[Collection entries]
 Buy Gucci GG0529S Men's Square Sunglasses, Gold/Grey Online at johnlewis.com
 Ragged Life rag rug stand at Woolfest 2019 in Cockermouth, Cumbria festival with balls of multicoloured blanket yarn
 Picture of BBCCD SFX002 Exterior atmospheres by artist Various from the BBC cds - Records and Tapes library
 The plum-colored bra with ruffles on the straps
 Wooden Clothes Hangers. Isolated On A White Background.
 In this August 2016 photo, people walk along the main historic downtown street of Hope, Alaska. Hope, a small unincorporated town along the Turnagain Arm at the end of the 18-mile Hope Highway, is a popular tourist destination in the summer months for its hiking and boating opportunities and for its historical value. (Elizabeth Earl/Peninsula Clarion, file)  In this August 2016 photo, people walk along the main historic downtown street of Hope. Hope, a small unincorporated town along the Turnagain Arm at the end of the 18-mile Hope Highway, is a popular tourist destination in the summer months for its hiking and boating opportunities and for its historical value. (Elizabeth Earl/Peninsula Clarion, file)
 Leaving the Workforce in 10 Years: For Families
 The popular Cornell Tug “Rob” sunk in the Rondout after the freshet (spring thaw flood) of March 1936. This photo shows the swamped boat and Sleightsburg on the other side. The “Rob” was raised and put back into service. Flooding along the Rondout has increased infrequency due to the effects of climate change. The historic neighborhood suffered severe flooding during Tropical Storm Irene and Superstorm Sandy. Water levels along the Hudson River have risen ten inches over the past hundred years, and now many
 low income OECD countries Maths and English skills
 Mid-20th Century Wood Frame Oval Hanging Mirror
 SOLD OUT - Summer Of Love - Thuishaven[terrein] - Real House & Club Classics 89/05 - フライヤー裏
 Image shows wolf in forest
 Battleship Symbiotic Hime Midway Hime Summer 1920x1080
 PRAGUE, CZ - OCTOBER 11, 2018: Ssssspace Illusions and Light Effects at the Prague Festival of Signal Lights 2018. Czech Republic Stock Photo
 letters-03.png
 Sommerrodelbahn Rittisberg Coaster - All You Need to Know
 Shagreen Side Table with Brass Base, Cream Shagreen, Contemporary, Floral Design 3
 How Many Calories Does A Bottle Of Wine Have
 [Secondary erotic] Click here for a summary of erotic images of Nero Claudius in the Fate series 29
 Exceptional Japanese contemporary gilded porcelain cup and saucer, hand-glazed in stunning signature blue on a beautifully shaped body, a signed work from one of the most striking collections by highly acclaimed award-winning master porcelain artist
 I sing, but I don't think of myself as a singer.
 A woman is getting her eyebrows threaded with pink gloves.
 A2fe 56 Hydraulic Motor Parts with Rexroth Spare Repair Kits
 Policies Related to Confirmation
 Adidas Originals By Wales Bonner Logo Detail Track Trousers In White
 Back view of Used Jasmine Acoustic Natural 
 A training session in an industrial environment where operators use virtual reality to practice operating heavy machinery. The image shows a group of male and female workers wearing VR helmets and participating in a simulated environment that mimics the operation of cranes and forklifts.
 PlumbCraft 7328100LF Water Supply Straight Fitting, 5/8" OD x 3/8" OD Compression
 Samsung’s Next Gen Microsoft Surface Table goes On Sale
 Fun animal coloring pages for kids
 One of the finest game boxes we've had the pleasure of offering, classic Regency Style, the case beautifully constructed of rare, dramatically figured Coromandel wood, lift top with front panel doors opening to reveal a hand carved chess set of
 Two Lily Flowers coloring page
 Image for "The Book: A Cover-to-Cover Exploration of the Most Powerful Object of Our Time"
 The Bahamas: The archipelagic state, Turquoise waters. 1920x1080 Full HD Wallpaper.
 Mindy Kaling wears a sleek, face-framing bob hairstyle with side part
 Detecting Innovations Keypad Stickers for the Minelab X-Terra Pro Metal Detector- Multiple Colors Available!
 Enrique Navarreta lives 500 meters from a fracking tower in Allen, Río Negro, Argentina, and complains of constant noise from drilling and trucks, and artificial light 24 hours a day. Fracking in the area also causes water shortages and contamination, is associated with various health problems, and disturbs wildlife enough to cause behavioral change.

# WHAT IS NEEDED
Using the data above, restate every record word for word.

# WRITTEN SOLUTION
 Buy Gucci GG0529S Men's Square Sunglasses, Gold/Grey Online at johnlewis.com
 Ragged Life rag rug stand at Woolfest 2019 in Cockermouth, Cumbria festival with balls of multicoloured blanket yarn
 Picture of BBCCD SFX002 Exterior atmospheres by artist Various from the BBC cds - Records and Tapes library
 The plum-colored bra with ruffles on the straps
 Wooden Clothes Hangers. Isolated On A White Background.
 In this August 2016 photo, people walk along the main historic downtown street of Hope, Alaska. Hope, a small unincorporated town along the Turnagain Arm at the end of the 18-mile Hope Highway, is a popular tourist destination in the summer months for its hiking and boating opportunities and for its historical value. (Elizabeth Earl/Peninsula Clarion, file)  In this August 2016 photo, people walk along the main historic downtown street of Hope. Hope, a small unincorporated town along the Turnagain Arm at the end of the 18-mile Hope Highway, is a popular tourist destination in the summer months for its hiking and boating opportunities and for its historical value. (Elizabeth Earl/Peninsula Clarion, file)
 Leaving the Workforce in 10 Years: For Families
 The popular Cornell Tug “Rob” sunk in the Rondout after the freshet (spring thaw flood) of March 1936. This photo shows the swamped boat and Sleightsburg on the other side. The “Rob” was raised and put back into service. Flooding along the Rondout has increased infrequency due to the effects of climate change. The historic neighborhood suffered severe flooding during Tropical Storm Irene and Superstorm Sandy. Water levels along the Hudson River have risen ten inches over the past hundred years, and now many
 low income OECD countries Maths and English skills
 Mid-20th Century Wood Frame Oval Hanging Mirror
 SOLD OUT - Summer Of Love - Thuishaven[terrein] - Real House & Club Classics 89/05 - フライヤー裏
 Image shows wolf in forest
 Battleship Symbiotic Hime Midway Hime Summer 1920x1080
 PRAGUE, CZ - OCTOBER 11, 2018: Ssssspace Illusions and Light Effects at the Prague Festival of Signal Lights 2018. Czech Republic Stock Photo
 letters-03.png
 Sommerrodelbahn Rittisberg Coaster - All You Need to Know
 Shagreen Side Table with Brass Base, Cream Shagreen, Contemporary, Floral Design 3
 How Many Calories Does A Bottle Of Wine Have
 [Secondary erotic] Click here for a summary of erotic images of Nero Claudius in the Fate series 29
 Exceptional Japanese contemporary gilded porcelain cup and saucer, hand-glazed in stunning signature blue on a beautifully shaped body, a signed work from one of the most striking collections by highly acclaimed award-winning master porcelain artist
 I sing, but I don't think of myself as a singer.
 A woman is getting her eyebrows threaded with pink gloves.
 A2fe 56 Hydraulic Motor Parts with Rexroth Spare Repair Kits
 Policies Related to Confirmation
 Adidas Originals By Wales Bonner Logo Detail Track Trousers In White
 Back view of Used Jasmine Acoustic Natural 
 A training session in an industrial environment where operators use virtual reality to practice operating heavy machinery. The image shows a group of male and female workers wearing VR helmets and participating in a simulated environment that mimics the operation of cranes and forklifts.
 PlumbCraft 7328100LF Water Supply Straight Fitting, 5/8" OD x 3/8" OD Compression
 Samsung’s Next Gen Microsoft Surface Table goes On Sale
 Fun animal coloring pages for kids
 One of the finest game boxes we've had the pleasure of offering, classic Regency Style, the case beautifully constructed of rare, dramatically figured Coromandel wood, lift top with front panel doors opening to reveal a hand carved chess set of
 Two Lily Flowers coloring page
 Image for "The Book: A Cover-to-Cover Exploration of the Most Powerful Object of Our Time"
 The Bahamas: The archipelagic state, Turquoise waters. 1920x1080 Full HD Wallpaper.
 Mindy Kaling wears a sleek, face-framing bob hairstyle with side part
 Detecting Innovations Keypad Stickers for the Minelab X-Terra Pro Metal Detector- Multiple Colors Available!
 Enrique Navarreta lives 500 meters from a fracking tower in Allen, Río Negro, Argentina, and complains of constant noise from drilling and trucks, and artificial light 24 hours a day. Fracking in the area also causes water shortages and contamination, is associated with various health problems, and disturbs wildlife enough to cause behavioral change.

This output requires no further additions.